References should be added to the references.bib file in bibtex format, and cited with sphinxcontrib-bibtex within the notebook text wherever they are relevant.

The references in the .bib file should have as id something along the lines authorlastnameYEARkeyword or libraryYEARkeyword for documentation pages, and they should be alphabetically sorted by this id in order to ease finding references within the file and preventing adding duplicate ones.

References can be cited twice within a single notebook. Two common reference formats are:

{cite:p}`bibtex_id`  # shows the reference author and year between parenthesis
{cite:t}`bibtex_id`  # textual cite, shows author and year without parenthesis

which can be added inline, within the text itself. At the end of the notebook, add the bibliography with the following markdown

## References

:::{bibliography}
:filter: docname in docnames
:::

or alternatively, if you wanted to add extra references that have not been cited within the text, use:

## References

:::{bibliography}
:filter: docname in docnames

extra_bibtex_id_1
extra_bibtex_id_2
:::

Watermark#

watermark is a library which automatically prints the versions of Python and the packages you used to run the NB – reproducibility rocks!

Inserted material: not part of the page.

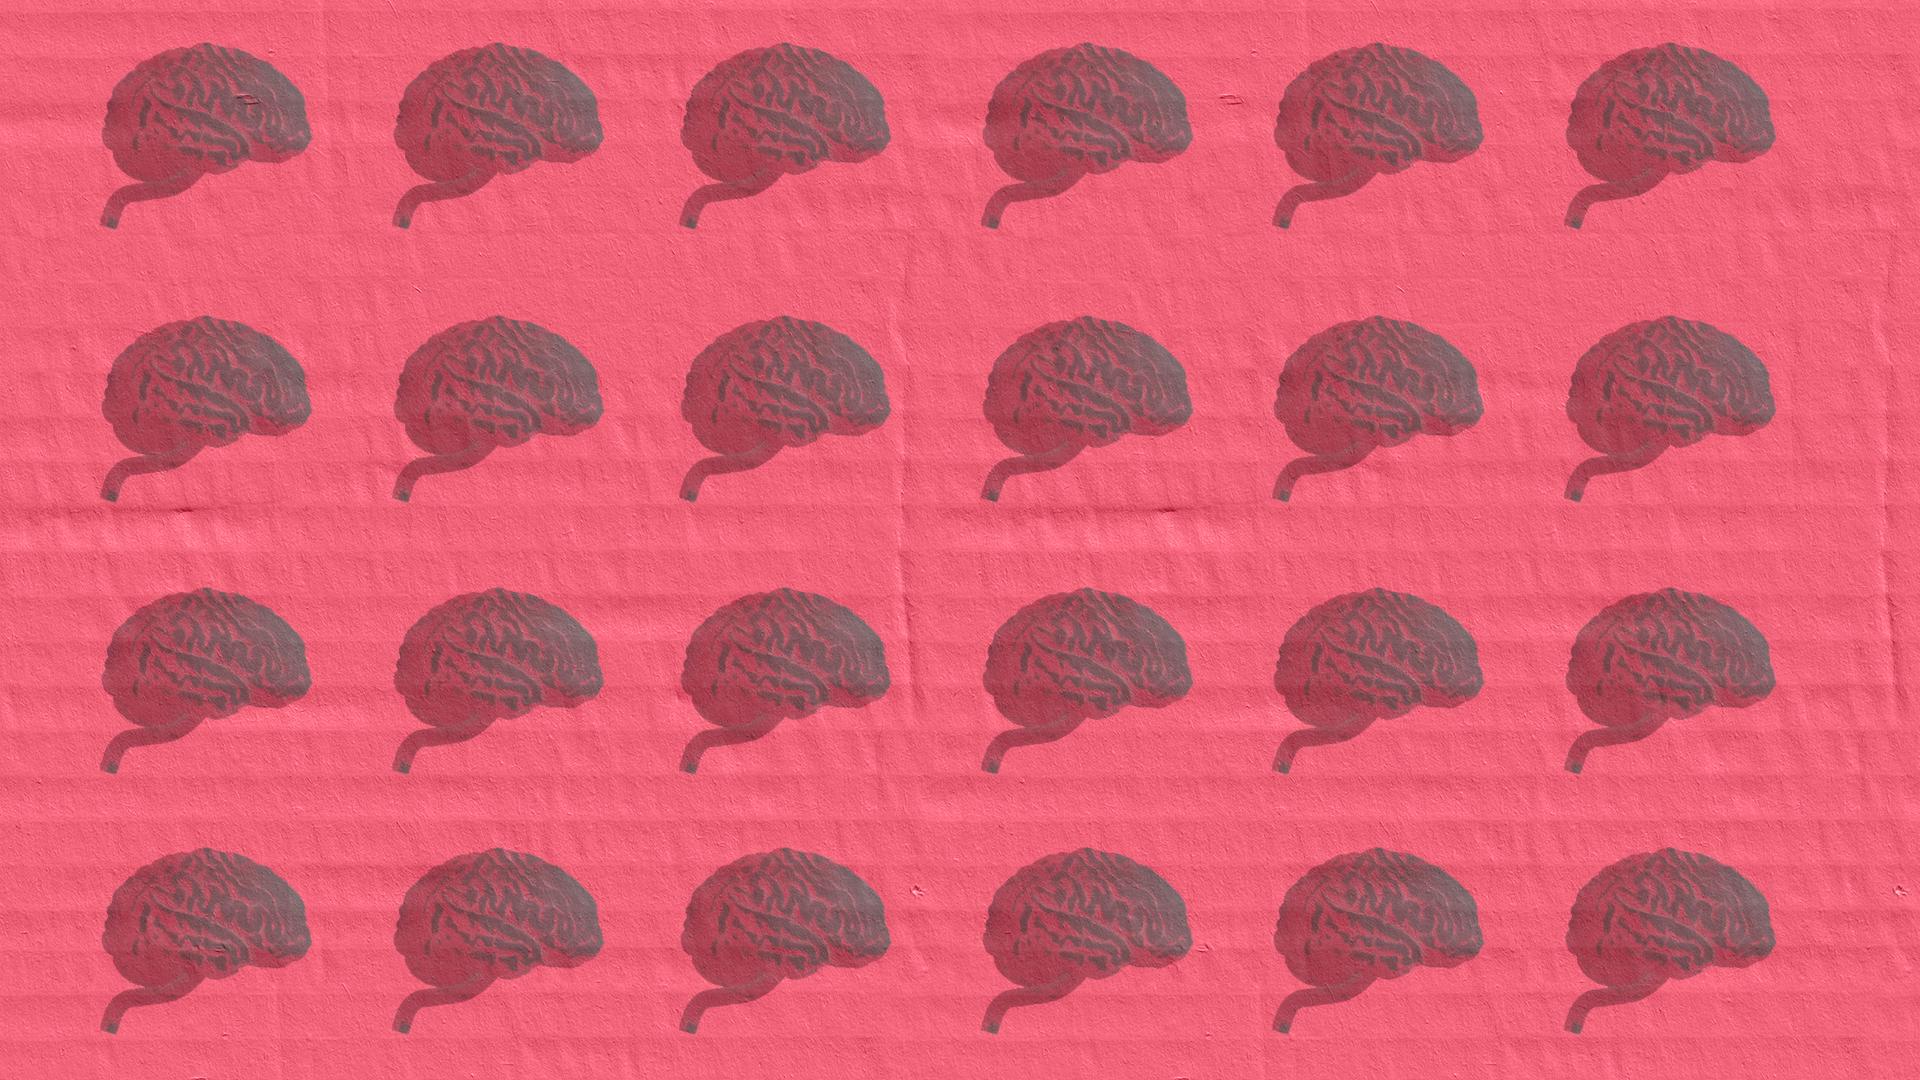 Brainpattern_01
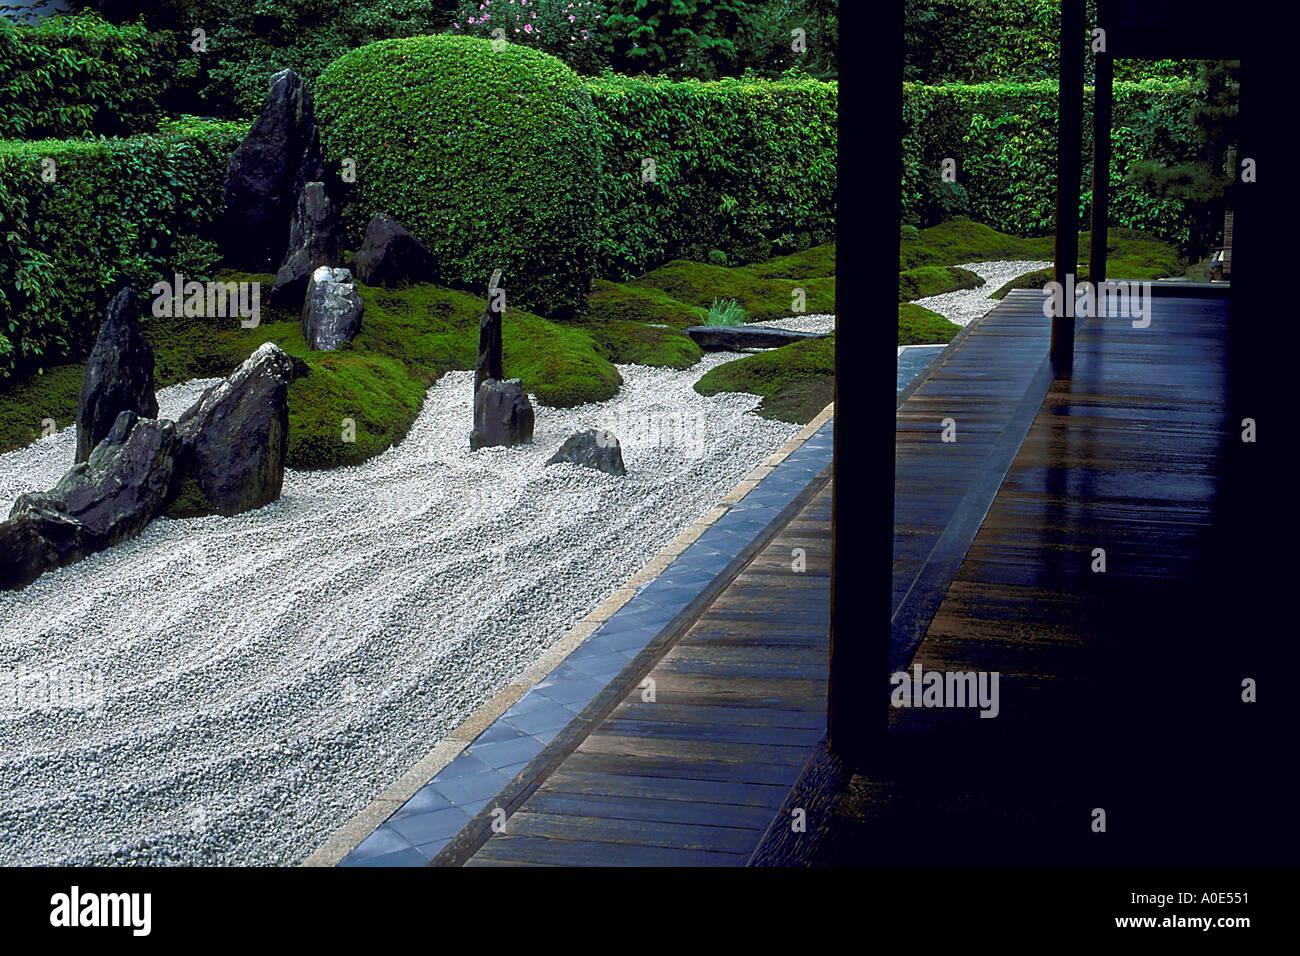 Zuiho in rock garden in Kyoto Japan - Stock Image

This library should be in your virtual environment if you installed our requirements-dev.txt. Otherwise, run pip install watermark.

First, add a Markdown cell with the ## Watermark title only so it appears in the table of contents. This is the second to last section, above the epilogue/footer. Then, add a code cell to print the versions of Python and packages used in the notebook. This is the last code cell in the notebook.

The p flag is optional (or it may need to have different libraries as input), but should be added if PyTensor or xarray are not imported explicitly. This will also be checked by pre-commit (because we all forget to do things sometimes 😳).

## Watermark
%load_ext watermark
%watermark -n -u -v -iv -w -p pytensor,xarray

Epilogue#

The last cell in the notebooks should be a markdown cell with exactly the following content:

:::{include} ../page_footer.md
:::

The only exception being notebooks that are not on the usual place and therefore need to update the path to page footer for the include to work.


You’re all set now 🎉. You can push your changes, open a pull request, and, once it’s merged, rest with the feeling of a job well done 👏. Thanks a lot for your contribution to open-source, we really appreciate it!